7. April 2002       Sonntag
Ort: FRANKFURTER HOF
Augustinerstr. 55, Mainz

Eintritt: € 14,-- / DIG-Mitgl. € 10,--



World Music Konzert

Susheela Raman

Susheela Raman Eine ganz neue Fusion nordamerikanischer, europäischer und indisch-tamilischer Musikrichtungen stellt die in 1973 in London geborene und in Australien aufgewachsene Susheela Raman vor. Durch ihre tamilischen Eltern erhielt Susheela schon als Kind Zugang zur traditionellen Musik Ostindiens. Bereits im Alter von 11 Jahren trat sie in diesem Genre öffentlich auf, wechselte aber später das Repertoire und orientierte sich an westlichen Strömungen wie Funk und Soul.

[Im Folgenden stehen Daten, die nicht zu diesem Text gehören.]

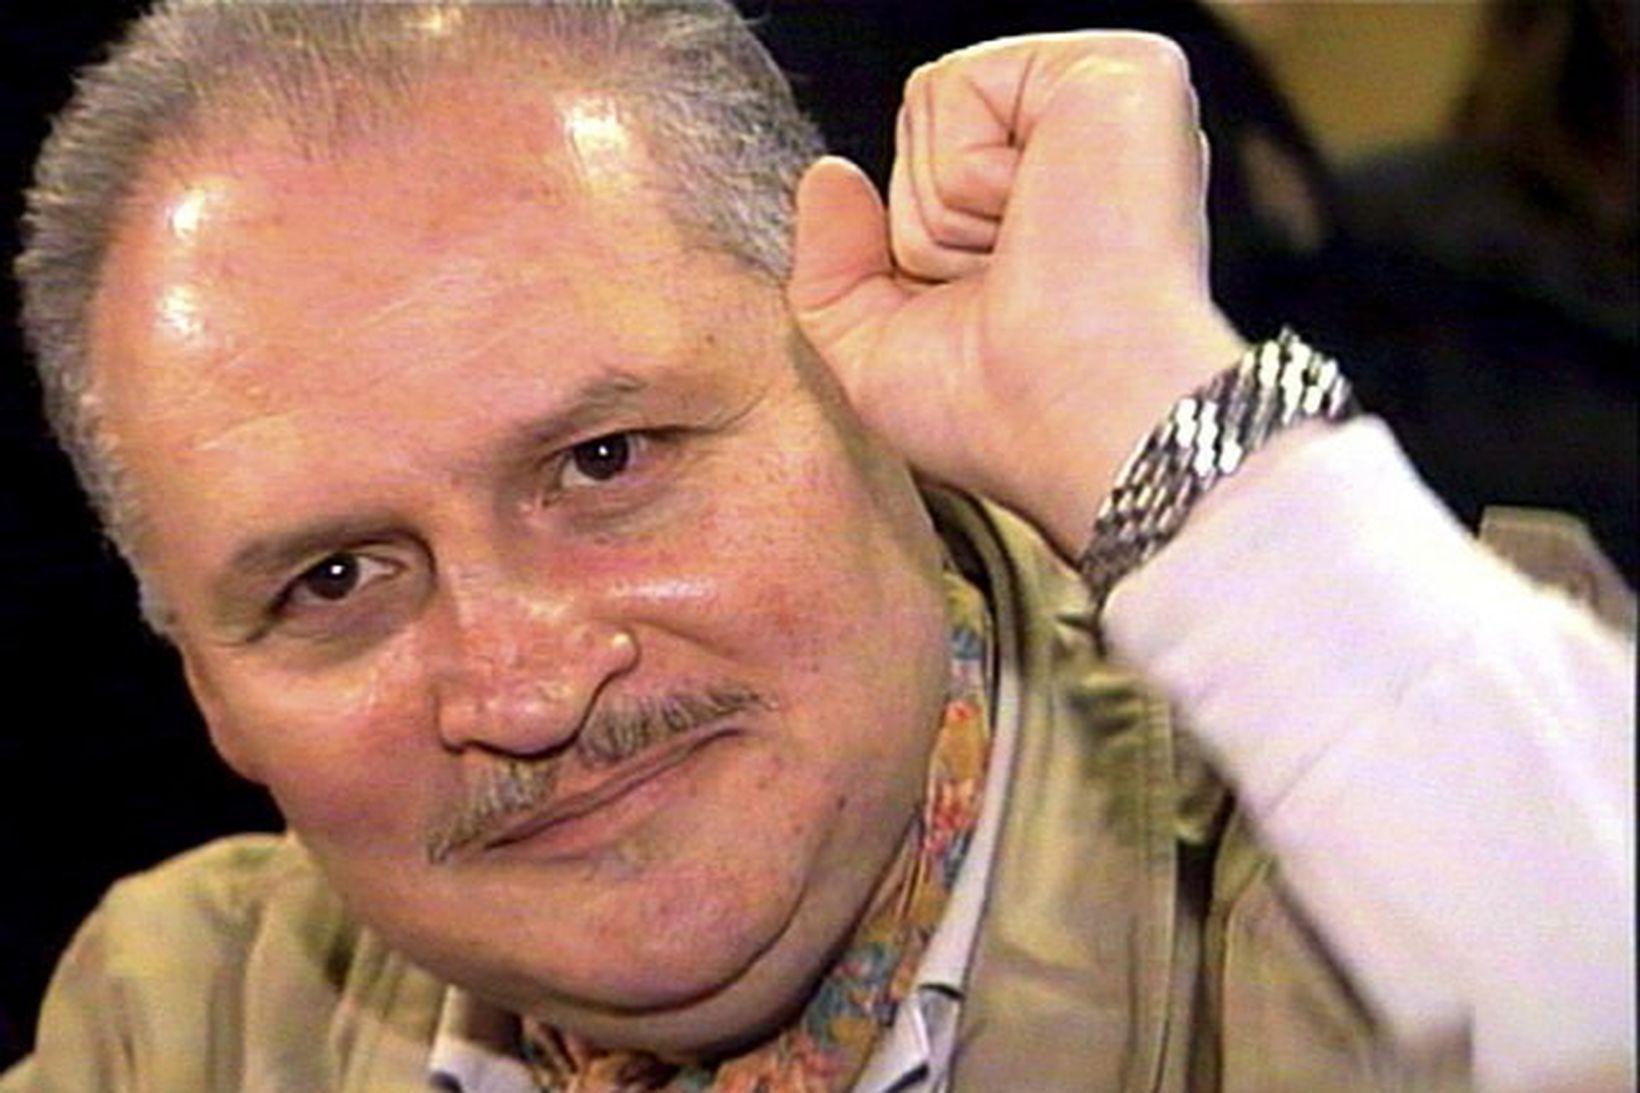 Sjakalinn, Ilich Ramirez Sanchez.

Sie befasste sich aber weiterhin intensiv mit der traditionellen indischen Musik, bis sie nach London zurückkehrte und in 1997 in die wachsende Szene des Asian Undergroung eintauchte. Hier versuchte sie aus den modernen westlichen Breakbeats und aus ostasiatischen Rhythmen/Melodien eine Legierung herzustellen. Sie war auch an dem hochgelobten JOI-Album "One and one is one" beteiligt.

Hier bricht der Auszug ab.